More from the mail sack . . . .
Dear Bob: I am a 25-year-old public relations account executive with a small firm downtown. Like 99 percent of the single women in this town, I've had my share of dateless Saturday nights. But luckily, I'm in a job where I meet a lot of people, and I guess I'm pretty attractive, so my situation isn't as bad as some.
Earlier this year, I became involved with a 33-year-old stockbroker from Bethesda. For over two months, he pursued me relentlessly -- champagne by the monuments at midnight, the theater, flowers, expensive dinners, the whole bit. He even told me on several occasions that he wanted me to date him exclusively.
Things were going great until he found out that I wasn't ready to 'close the deal,' if you know what I mean.
I couldn't make him understand that even though this is the big city in 1987, there are still some morally straight young ladies around who don't just plunge right into quick relationships. Also, as much fun as wining and dining was, I never really felt like I was getting to know him.
It's been three months since I've seen him and now he won't take my phone calls and refuses to see me to discuss this. I've been out with lots of guys since, but I can't get him out of my mind. I was really starting to like him, and I know he liked me.
Can this relationship be salvaged? What should I do? He reads your column every day. P.R. PATTY
Dear Patty: The only thing this yo-yo left out of his act was the old bit about how, gee, Patty, a guy has needs, and gosh, Patty, if you keep saying no, I might have to take a cold shower.
I like your choice of the expression, "closing the deal." It couldn't be more apt. Our stockbroking friend is treating you like a dimwitted fool who needs to be pushed into some incomprehensible tax shelter. He has forgotten to notice two things: 1) You're a human being, not an account; 2) He might have closed the deal if he had remembered Point One.
Forget the guy, Patty. I know that's easy advice for me to offer at a distance. But you don't really have any other choice. If he ever deigns to take your call, and you start up with him again, it's just a matter of time before "closing the deal" becomes the big issue (and probably the only issue) once again.
Dear Bob: I am writing to you because I am in search of advice.
My car was stolen about three weeks ago. I have had no luck in locating it, nor has the police department. I am certain that my car is still in Washington because there has been proof of that from another source. But the police have not spotted my car at all.

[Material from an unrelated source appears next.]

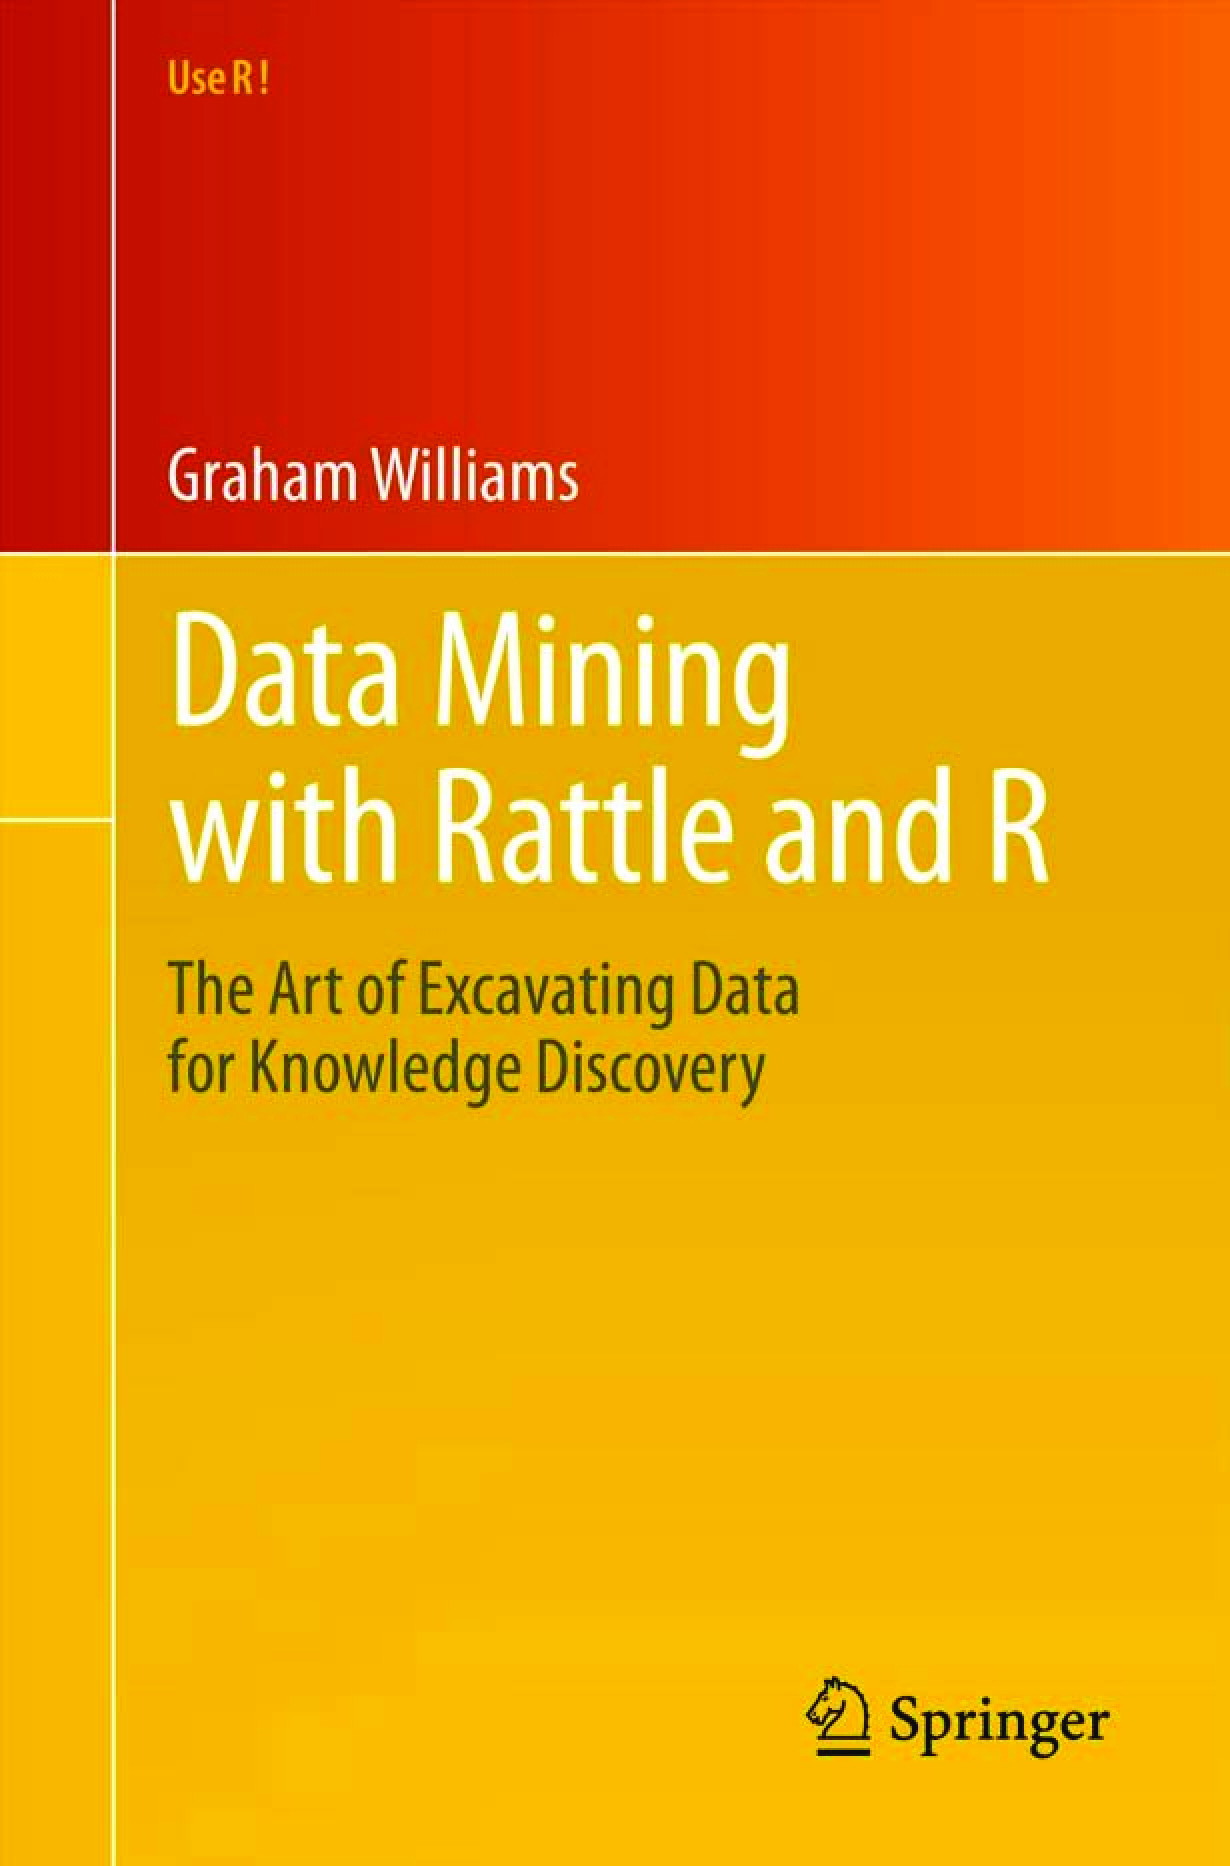 Data_Mining_With_Rattle_&_R–Graham_Williams

Where do I get help if the Metropolitan Police Department will not assist me? Unfortunately, I am not a wealthy person that can afford to hire a private investigator. LONELY SEARCHER FROM EAST RIVERDALE
Dear Lonely: You've given up on the police department mighty quickly. Auto squad detectives tell me that three weeks is by no means enough time to find every stolen car. Besides, the car may no longer be in the city, despite your "proof . . . . from another source."
Another possibility: the car may not exist any longer. Many stolen cars are taken right away to "chop shops," where they are dismembered so the parts can be sold.
Give the situation and the cops two more weeks. If there's still no sign of the car, contact your insurance company and arrange a settlement.
If you still insist on trying to find the car after five weeks, good luck. You'll need it.
Dear Bob: I think I'm well enough to write this letter, but I'm not sure. I have been sick to my stomach for the last three days, because of a hot dog I bought from a sidewalk vendor in Silver Spring.
I never eat hot dogs, but I had missed my lunch, and it was 3 o'clock, and I was so hungry that I just decided to do it. I got sick within about half an hour, so it must have been the hot dog, and not my breakfast, that caused it.
Is there any way I can sue the guy who sold me the hot dog? I know who he is, and he always pitches camp on the same corner. FEEL-ICKY FRANKFURTER
Dear Feel-Icky: Hey, you want to sue the guy, go ahead and sue the guy. But consider this: It's hard to get blood out of a stone. It's harder to get blood out of a small independent businessman. He might have to pay off in hot dogs, which isn't exactly what you're after.
My suggestion won't win you any direct satisfaction. But at least it'll make the coast a little clearer for the next person who has missed lunch and who says what-the-heck at 3 p.m. on a Silver Spring street.